[Data records]

=== Section Start ===

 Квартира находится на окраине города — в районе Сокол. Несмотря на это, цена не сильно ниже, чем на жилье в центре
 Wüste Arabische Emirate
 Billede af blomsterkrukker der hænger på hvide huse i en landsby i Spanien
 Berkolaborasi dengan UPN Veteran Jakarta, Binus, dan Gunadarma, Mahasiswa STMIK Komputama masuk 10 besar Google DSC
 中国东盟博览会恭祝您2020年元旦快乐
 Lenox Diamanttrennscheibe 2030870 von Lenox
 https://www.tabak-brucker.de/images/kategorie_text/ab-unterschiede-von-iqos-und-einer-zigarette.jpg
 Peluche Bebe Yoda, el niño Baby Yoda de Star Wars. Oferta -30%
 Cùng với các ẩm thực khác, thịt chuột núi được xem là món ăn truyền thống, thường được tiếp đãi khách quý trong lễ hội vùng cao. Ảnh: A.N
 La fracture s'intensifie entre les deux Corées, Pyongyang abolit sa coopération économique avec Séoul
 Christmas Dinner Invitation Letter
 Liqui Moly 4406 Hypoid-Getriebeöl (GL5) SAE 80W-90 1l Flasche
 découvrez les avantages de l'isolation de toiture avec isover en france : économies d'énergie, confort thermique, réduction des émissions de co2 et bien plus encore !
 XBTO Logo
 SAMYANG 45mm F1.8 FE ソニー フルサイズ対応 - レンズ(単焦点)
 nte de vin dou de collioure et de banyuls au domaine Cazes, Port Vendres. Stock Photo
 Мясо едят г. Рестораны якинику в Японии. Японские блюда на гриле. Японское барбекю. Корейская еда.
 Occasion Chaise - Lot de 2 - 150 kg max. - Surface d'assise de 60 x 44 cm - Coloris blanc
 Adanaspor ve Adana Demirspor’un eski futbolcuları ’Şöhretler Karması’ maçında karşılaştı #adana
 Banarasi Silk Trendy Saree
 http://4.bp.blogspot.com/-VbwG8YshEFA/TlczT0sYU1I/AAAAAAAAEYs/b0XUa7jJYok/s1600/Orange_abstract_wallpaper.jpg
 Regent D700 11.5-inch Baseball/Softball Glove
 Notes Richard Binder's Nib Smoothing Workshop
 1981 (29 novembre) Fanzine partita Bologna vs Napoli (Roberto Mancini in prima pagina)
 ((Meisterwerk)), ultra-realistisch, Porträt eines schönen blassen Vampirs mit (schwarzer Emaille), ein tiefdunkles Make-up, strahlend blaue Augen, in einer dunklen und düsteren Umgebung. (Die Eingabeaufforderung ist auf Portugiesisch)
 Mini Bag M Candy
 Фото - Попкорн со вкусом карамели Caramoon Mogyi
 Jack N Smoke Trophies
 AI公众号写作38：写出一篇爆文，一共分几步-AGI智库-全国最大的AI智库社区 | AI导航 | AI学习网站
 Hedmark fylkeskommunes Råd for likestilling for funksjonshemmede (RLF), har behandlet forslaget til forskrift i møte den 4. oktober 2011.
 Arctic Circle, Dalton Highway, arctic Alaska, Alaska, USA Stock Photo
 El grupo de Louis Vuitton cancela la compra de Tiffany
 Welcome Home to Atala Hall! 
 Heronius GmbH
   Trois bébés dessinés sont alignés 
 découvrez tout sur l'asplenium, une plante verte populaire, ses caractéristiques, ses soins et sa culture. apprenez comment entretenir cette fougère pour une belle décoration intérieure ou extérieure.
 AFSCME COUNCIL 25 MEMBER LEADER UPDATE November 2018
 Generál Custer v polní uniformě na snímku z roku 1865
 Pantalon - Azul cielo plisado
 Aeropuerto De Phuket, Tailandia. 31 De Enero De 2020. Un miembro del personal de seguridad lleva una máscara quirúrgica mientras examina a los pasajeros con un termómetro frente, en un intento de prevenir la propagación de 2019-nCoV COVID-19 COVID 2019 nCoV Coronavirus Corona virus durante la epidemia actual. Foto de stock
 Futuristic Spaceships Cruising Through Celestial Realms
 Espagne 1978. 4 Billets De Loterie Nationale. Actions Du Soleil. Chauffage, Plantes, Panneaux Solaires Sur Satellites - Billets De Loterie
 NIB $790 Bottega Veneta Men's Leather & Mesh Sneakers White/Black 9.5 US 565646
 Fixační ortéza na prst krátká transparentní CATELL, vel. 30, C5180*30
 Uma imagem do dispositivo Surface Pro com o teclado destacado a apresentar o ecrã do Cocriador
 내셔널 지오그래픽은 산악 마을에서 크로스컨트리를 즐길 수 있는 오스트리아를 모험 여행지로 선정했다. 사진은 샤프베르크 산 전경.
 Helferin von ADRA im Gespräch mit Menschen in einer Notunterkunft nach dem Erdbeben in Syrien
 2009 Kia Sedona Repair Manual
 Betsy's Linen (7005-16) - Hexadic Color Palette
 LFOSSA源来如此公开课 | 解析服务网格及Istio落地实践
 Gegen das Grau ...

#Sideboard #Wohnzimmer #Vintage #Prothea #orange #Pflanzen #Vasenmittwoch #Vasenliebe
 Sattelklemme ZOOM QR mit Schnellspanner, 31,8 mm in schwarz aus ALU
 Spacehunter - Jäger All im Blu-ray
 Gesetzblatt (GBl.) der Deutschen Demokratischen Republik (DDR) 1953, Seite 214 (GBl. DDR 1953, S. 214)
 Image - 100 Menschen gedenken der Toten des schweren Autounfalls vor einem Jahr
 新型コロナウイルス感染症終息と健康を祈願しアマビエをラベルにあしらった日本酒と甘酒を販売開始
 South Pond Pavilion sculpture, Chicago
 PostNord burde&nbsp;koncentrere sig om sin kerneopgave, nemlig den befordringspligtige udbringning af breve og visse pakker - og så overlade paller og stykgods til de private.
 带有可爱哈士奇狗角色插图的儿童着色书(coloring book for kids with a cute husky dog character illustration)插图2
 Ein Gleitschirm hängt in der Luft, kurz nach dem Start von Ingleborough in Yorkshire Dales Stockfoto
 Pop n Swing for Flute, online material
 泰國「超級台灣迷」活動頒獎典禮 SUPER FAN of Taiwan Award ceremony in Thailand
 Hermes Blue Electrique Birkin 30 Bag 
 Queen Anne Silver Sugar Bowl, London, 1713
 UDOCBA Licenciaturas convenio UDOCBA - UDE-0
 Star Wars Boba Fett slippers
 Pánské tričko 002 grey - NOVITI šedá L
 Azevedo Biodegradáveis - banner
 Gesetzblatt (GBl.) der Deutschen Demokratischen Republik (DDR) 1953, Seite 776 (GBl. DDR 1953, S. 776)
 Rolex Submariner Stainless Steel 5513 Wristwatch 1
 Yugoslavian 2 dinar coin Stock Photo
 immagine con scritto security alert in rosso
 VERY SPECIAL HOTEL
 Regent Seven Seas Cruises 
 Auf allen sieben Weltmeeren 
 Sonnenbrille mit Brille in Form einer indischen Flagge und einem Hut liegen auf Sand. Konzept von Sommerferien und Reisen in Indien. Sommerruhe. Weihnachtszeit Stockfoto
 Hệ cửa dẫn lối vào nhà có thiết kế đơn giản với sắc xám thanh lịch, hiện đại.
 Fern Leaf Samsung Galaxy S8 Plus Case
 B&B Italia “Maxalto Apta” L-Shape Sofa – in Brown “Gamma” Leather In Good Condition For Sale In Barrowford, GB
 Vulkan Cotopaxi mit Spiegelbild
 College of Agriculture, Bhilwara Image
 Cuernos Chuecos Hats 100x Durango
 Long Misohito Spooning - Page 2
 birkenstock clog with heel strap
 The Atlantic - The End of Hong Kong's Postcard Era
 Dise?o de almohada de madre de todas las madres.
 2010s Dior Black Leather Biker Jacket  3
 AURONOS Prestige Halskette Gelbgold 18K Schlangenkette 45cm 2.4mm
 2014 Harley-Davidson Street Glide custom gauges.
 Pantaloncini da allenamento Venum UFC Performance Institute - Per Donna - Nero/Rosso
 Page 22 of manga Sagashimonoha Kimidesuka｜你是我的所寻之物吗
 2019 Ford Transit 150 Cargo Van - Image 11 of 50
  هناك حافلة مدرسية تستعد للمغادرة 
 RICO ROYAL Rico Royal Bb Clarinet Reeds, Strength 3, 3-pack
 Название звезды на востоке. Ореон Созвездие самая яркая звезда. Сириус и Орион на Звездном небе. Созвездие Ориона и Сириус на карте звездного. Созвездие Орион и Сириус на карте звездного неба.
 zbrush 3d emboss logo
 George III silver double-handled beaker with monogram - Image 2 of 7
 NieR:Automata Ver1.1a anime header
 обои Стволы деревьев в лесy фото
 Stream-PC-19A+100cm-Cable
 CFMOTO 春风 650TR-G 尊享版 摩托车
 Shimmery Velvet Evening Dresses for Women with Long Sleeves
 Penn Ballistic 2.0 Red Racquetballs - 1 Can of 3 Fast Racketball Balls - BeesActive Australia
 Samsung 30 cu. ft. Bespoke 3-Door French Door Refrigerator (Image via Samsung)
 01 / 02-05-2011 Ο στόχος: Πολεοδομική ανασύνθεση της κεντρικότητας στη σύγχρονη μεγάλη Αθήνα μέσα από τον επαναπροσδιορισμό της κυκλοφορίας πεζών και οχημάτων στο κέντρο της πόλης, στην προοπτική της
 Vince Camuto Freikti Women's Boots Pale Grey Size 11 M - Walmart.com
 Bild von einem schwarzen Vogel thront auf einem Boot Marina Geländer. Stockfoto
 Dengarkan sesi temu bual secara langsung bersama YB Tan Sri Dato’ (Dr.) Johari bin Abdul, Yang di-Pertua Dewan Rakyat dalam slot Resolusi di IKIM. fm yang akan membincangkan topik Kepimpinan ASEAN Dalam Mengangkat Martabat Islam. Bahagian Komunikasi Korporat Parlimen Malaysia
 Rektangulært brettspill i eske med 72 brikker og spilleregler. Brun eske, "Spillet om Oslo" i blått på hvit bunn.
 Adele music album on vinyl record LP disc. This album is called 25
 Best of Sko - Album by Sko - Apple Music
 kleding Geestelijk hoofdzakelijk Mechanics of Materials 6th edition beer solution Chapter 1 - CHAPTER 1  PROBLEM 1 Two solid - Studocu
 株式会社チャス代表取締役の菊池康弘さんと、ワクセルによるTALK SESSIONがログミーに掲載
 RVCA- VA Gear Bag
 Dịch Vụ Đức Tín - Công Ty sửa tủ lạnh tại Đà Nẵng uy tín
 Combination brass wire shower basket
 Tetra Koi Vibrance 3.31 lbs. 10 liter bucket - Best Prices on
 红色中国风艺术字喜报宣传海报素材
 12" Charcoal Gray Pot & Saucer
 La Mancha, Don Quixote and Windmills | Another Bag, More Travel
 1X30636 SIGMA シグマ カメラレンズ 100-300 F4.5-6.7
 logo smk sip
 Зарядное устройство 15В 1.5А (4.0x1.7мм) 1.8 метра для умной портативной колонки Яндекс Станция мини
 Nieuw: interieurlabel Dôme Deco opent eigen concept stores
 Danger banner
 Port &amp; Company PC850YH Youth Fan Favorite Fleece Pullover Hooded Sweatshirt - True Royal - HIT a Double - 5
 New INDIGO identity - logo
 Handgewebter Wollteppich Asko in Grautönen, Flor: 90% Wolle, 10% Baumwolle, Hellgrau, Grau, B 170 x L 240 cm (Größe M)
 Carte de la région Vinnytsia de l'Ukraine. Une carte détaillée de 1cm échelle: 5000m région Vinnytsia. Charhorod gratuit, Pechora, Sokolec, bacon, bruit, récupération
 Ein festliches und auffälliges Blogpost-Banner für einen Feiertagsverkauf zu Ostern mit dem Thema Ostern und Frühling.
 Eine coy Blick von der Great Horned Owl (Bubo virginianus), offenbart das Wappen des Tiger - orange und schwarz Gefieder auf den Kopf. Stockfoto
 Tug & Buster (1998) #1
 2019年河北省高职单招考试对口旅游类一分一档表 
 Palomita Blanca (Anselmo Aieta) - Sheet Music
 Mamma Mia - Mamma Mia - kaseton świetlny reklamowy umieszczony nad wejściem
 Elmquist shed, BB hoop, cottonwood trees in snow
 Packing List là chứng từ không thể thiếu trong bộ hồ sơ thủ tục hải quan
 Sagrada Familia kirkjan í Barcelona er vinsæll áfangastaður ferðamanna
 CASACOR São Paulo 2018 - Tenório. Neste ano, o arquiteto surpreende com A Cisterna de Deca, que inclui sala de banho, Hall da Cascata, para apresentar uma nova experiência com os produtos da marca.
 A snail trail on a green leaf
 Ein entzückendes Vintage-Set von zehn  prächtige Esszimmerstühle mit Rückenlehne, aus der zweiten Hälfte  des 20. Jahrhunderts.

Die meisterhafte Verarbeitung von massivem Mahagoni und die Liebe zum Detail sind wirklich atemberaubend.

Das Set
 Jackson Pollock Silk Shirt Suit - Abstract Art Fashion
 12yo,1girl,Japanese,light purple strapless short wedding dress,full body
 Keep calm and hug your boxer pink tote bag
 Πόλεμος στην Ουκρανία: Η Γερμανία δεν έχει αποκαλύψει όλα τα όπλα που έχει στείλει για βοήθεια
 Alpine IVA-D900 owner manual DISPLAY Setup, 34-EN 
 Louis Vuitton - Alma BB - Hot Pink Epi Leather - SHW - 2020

=== Section End ===

YOUR GOAL:
Out of the entries, report each line that contains the word "Vintage".

RESPONSE TO THIS TASK:
#Sideboard #Wohnzimmer #Vintage #Prothea #orange #Pflanzen #Vasenmittwoch #Vasenliebe
 Ein entzückendes Vintage-Set von zehn  prächtige Esszimmerstühle mit Rückenlehne, aus der zweiten Hälfte  des 20. Jahrhunderts.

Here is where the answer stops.